Search code examples
statisticskaggle

Why some portion of statistics is not used in data science


I have learned statistics including mean, median, mode and different tests

being Z test, F test and chi-square and all but generally participating in

difficult numeric data prediction challenges like on kaggle and other

platforms I hardly see anyone using statistical tests like z, f, chi-square,

normalization of data these - all we use boxplots, bar plots to see mean,

median, mode etc.

my question is where these tests are an integral part in data science, for what

sort of problems are these mainly designed - research based.

What portion of statistics should ideally be used in a data science problem and

why only some portion is used when all of statistics is must for data science.

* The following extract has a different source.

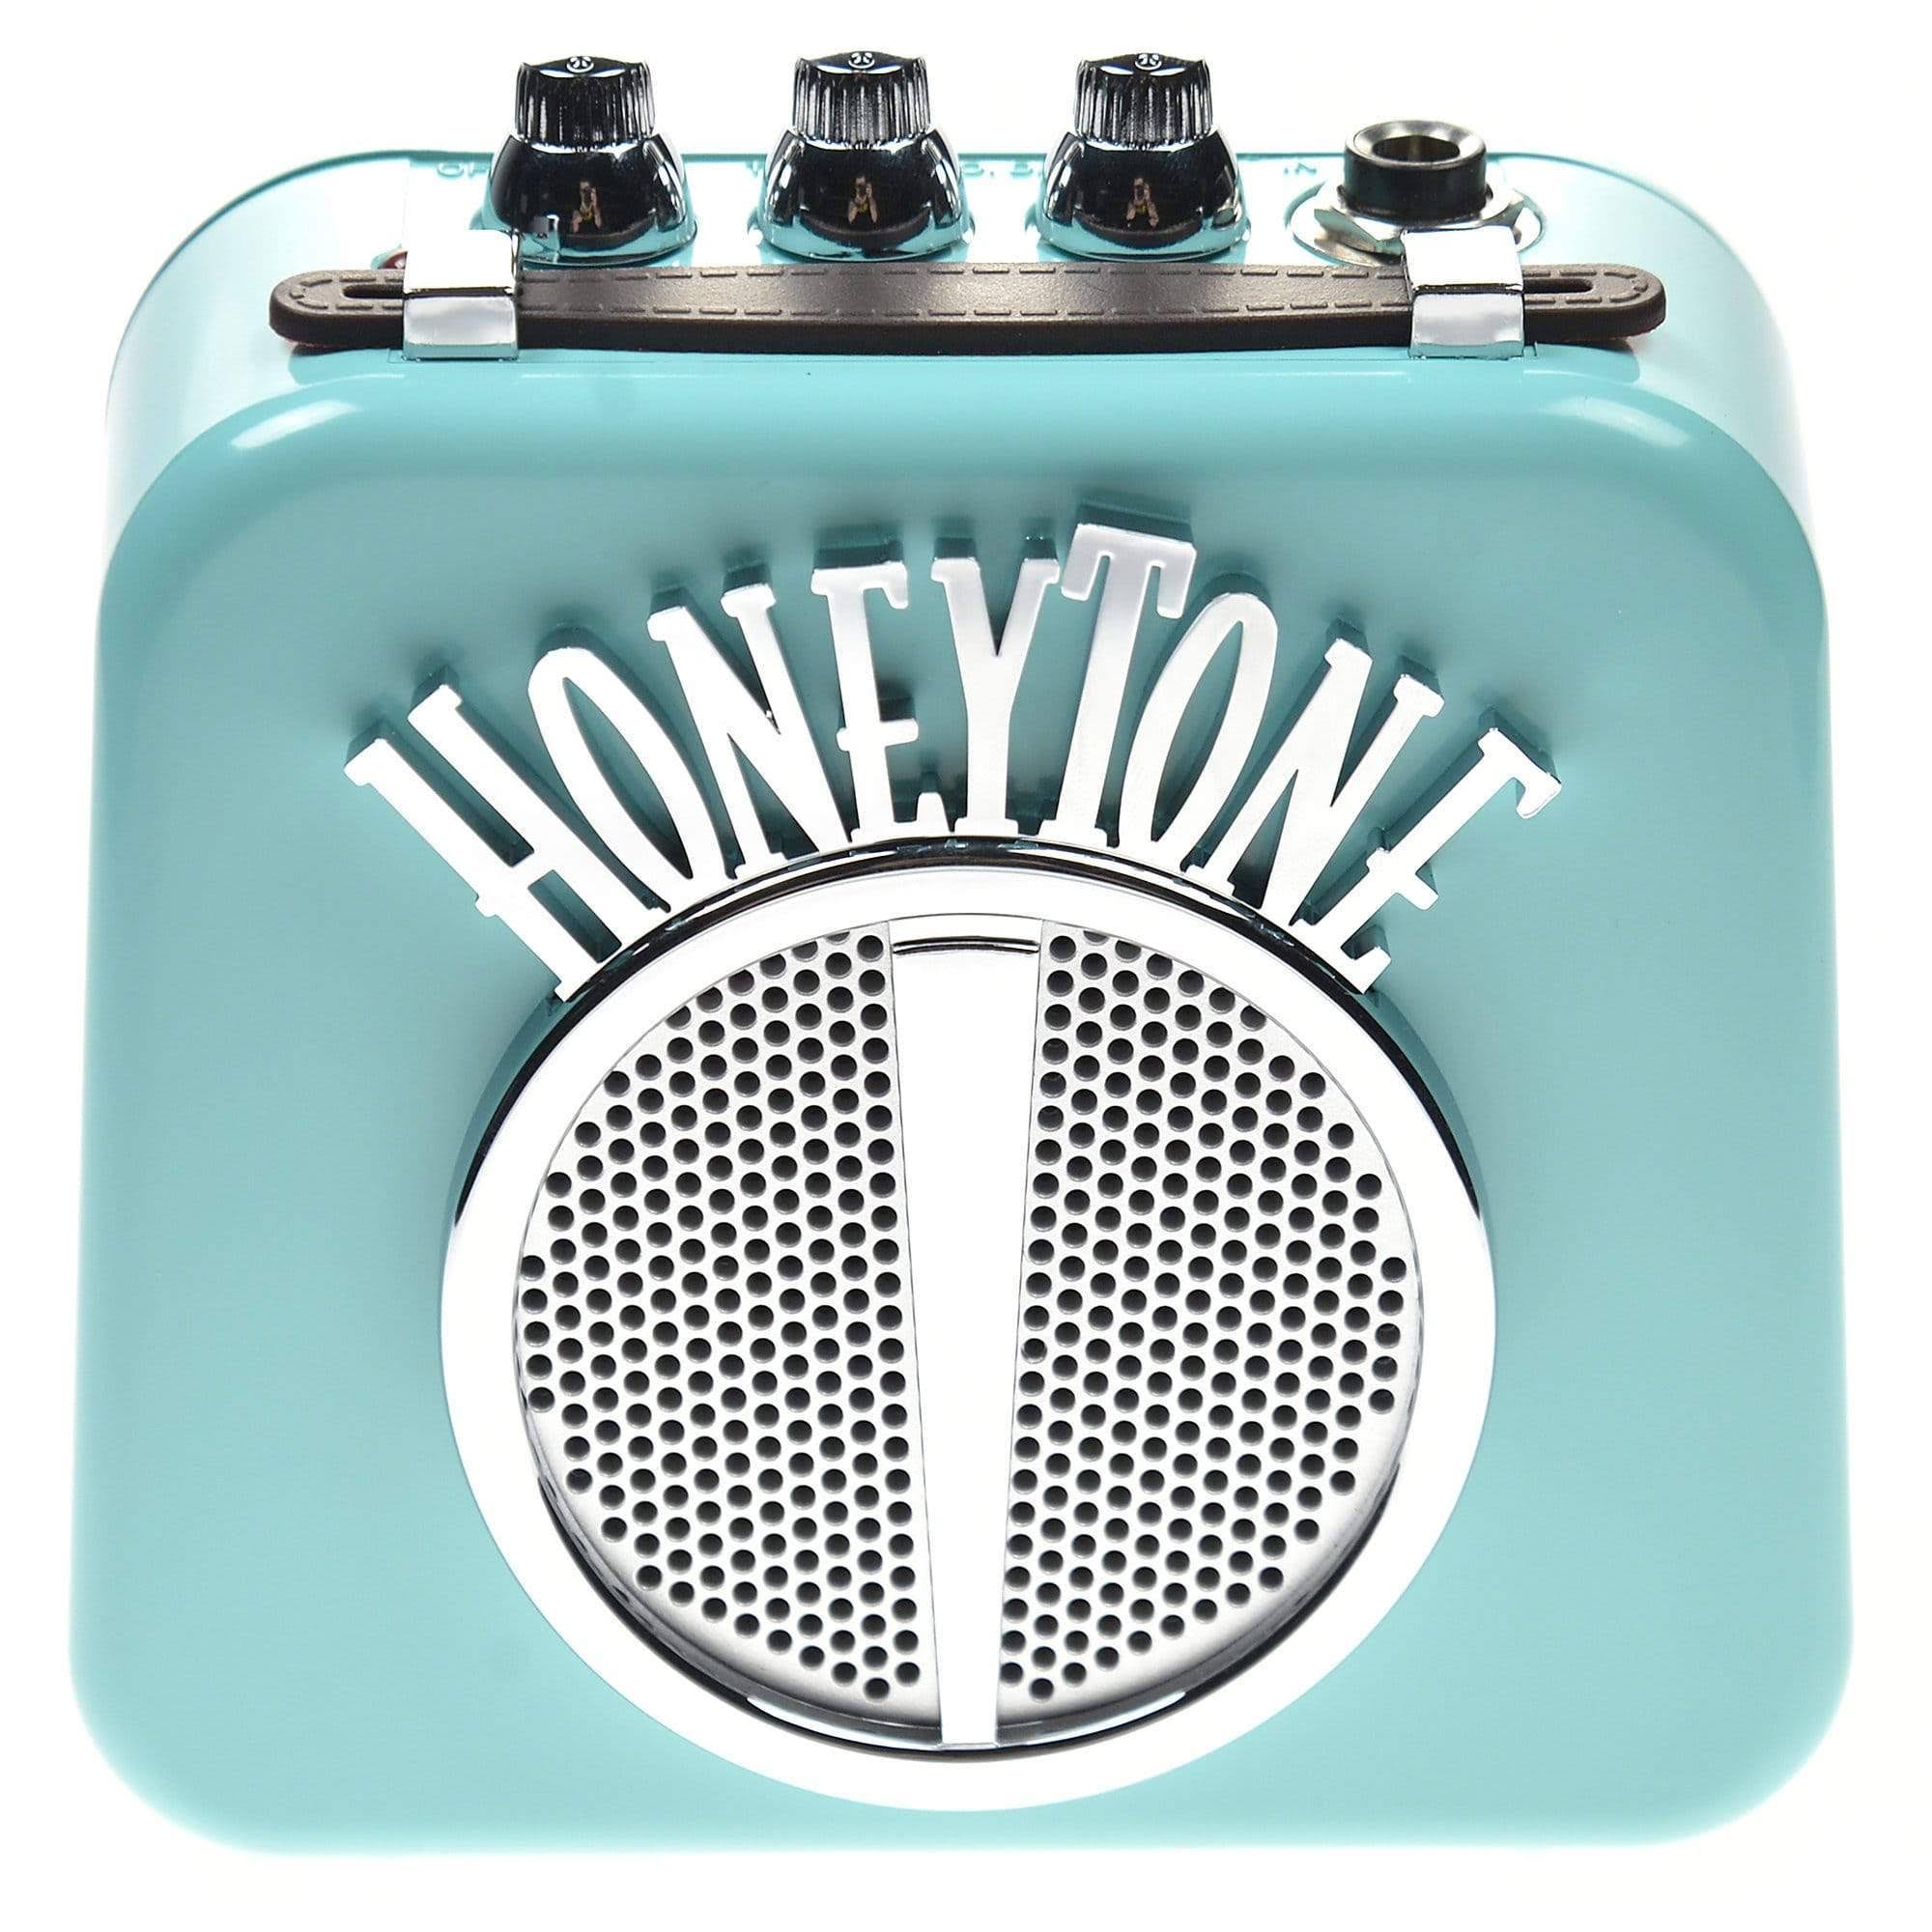 Danelectro N10a Honey Tone Mini Amp - Aqua
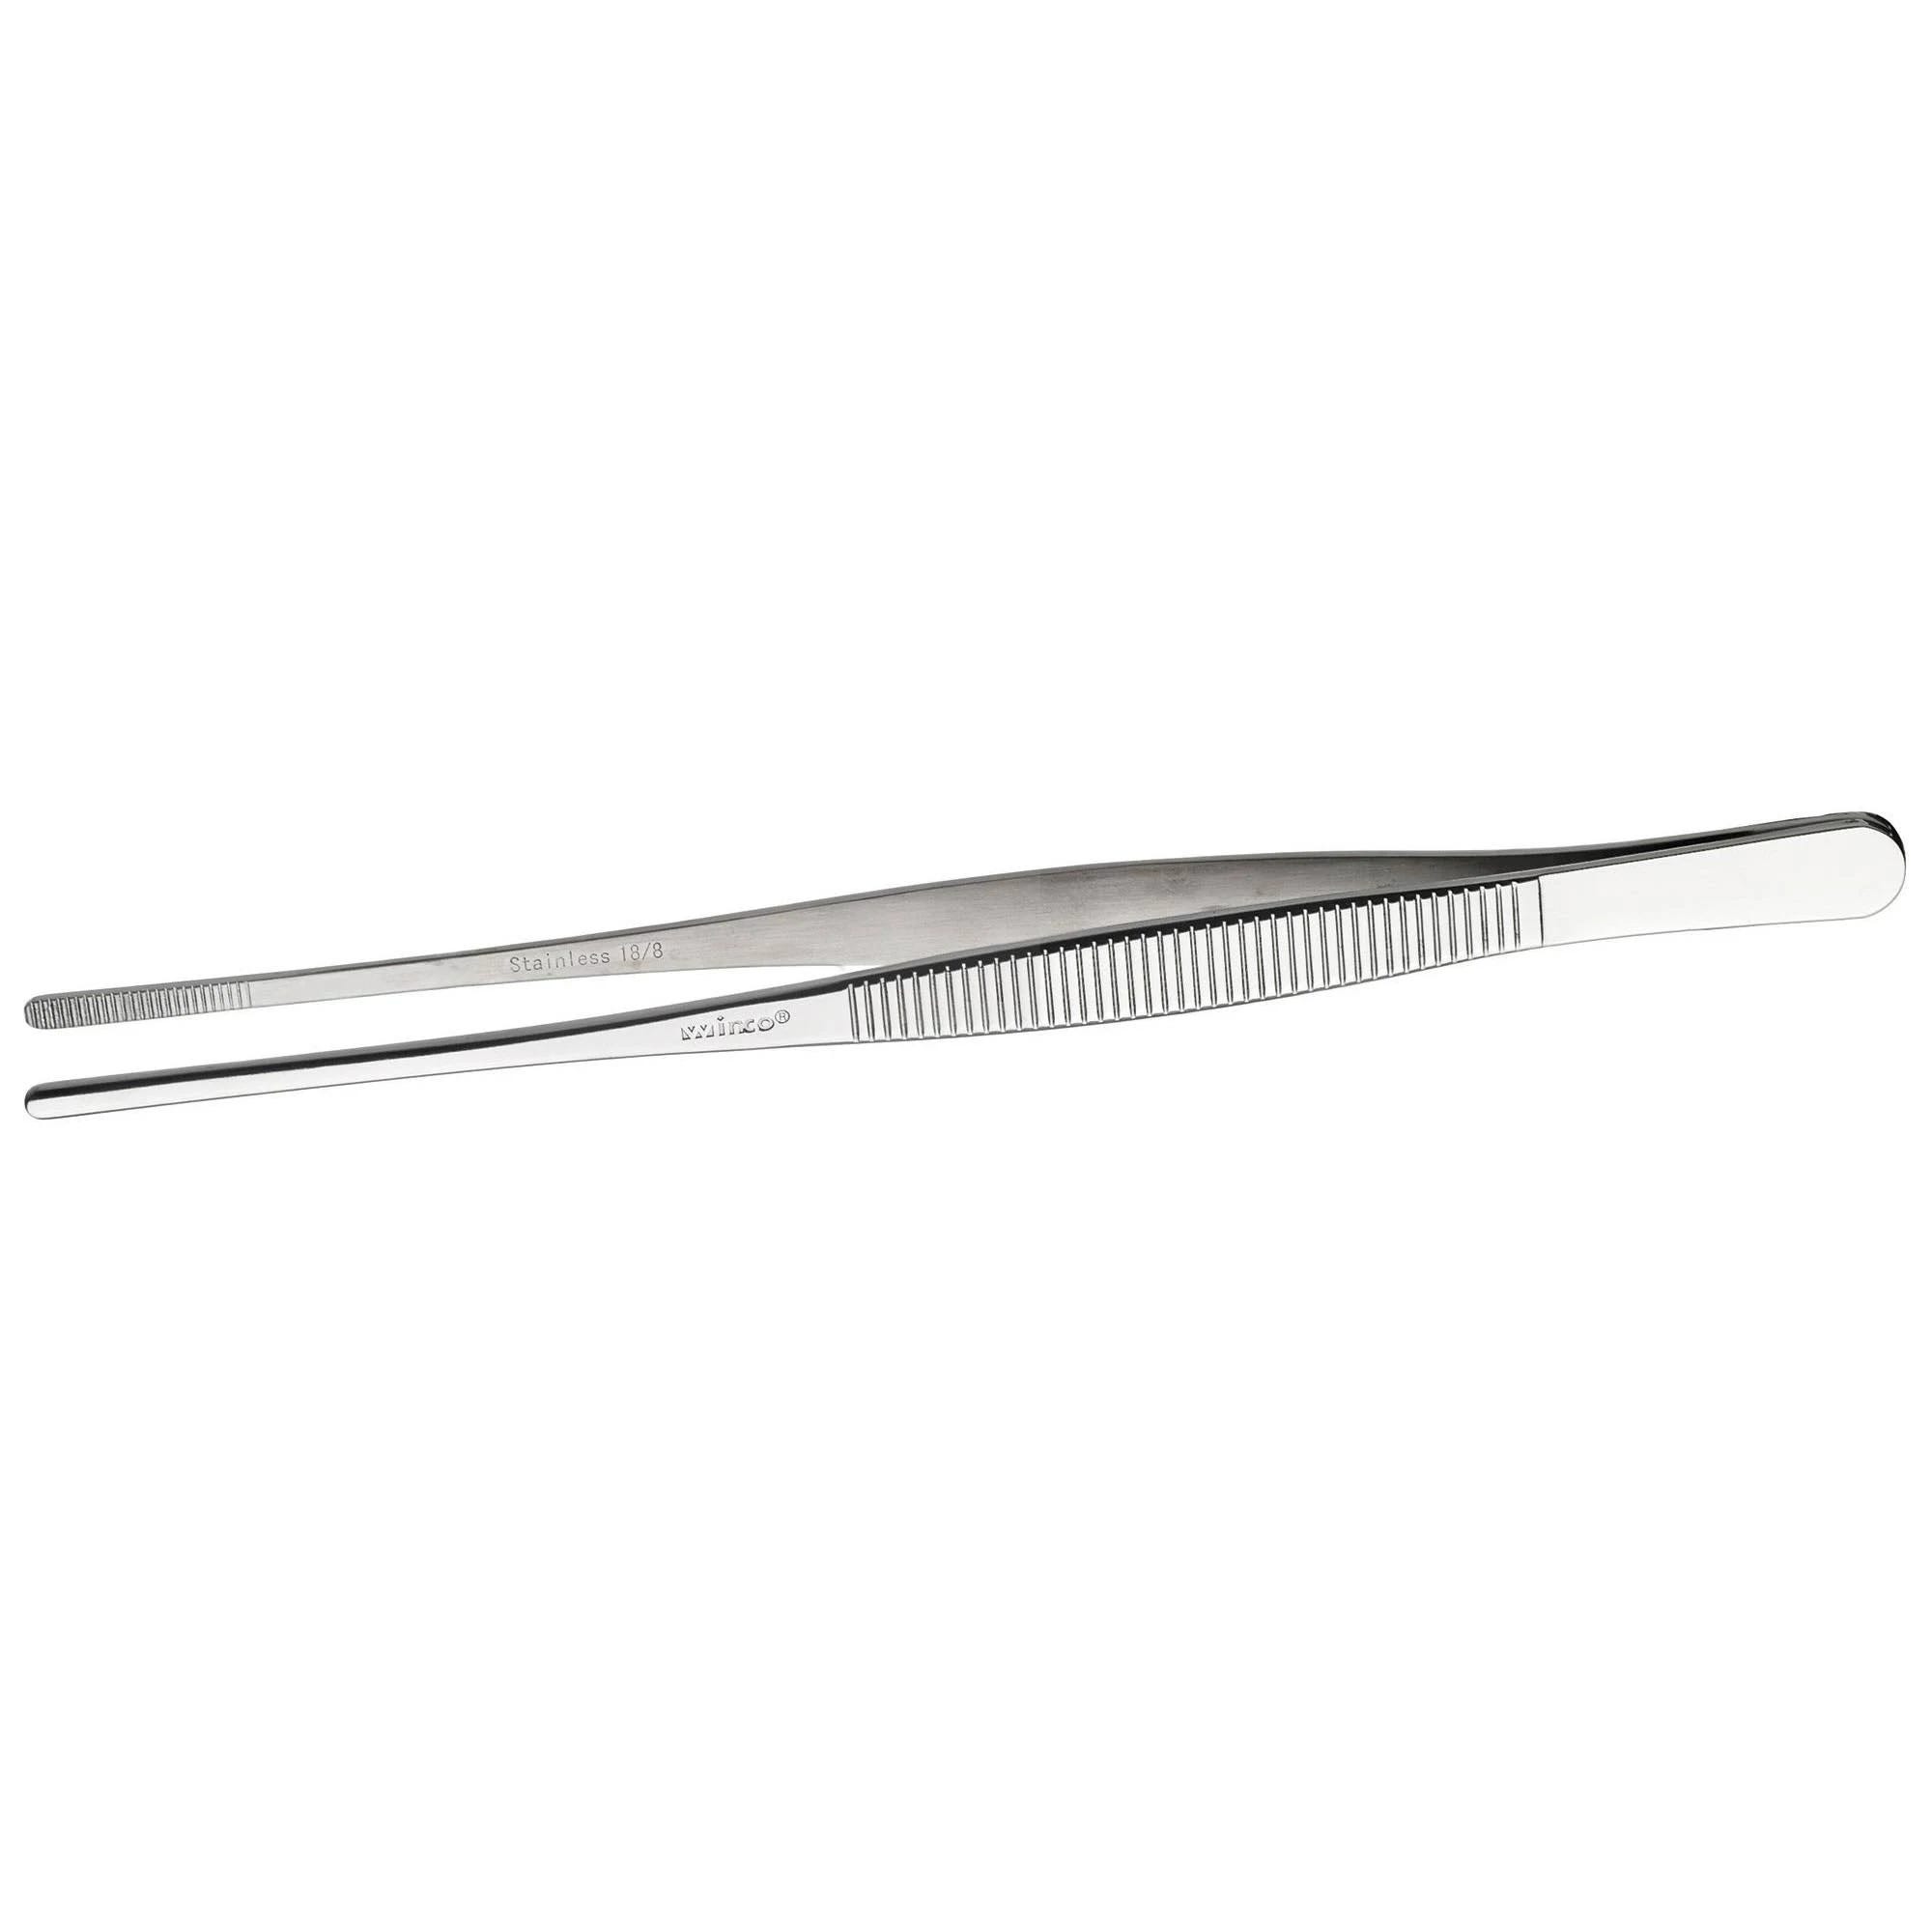 Stainless Steel Straight Beaker Tongs for Easy Plating and Handling | Image

I am asking regarding tests and other statistics except the algorithms.


Solution

  • You're most likely to see statistical hypothesis testing in data science if you're looking at something like A/B testing, where your goal is to determine whether there is a reliable difference between two samples and the size of that difference.

    Kaggle competitions specifically are supervised learning problems rather than hypothesis testing, which is why you don't see people using things like chi-squared. (Which makes sense: if you have ten people do hypothesis testing on the same dataset, they should all get pretty much the same answer, which would make for a pretty uninteresting competition.)

    Personally, I think it's good to be familiar with both statistical hypothesis testing and machine-learning techniques, since they have different uses. Hope that helps! :)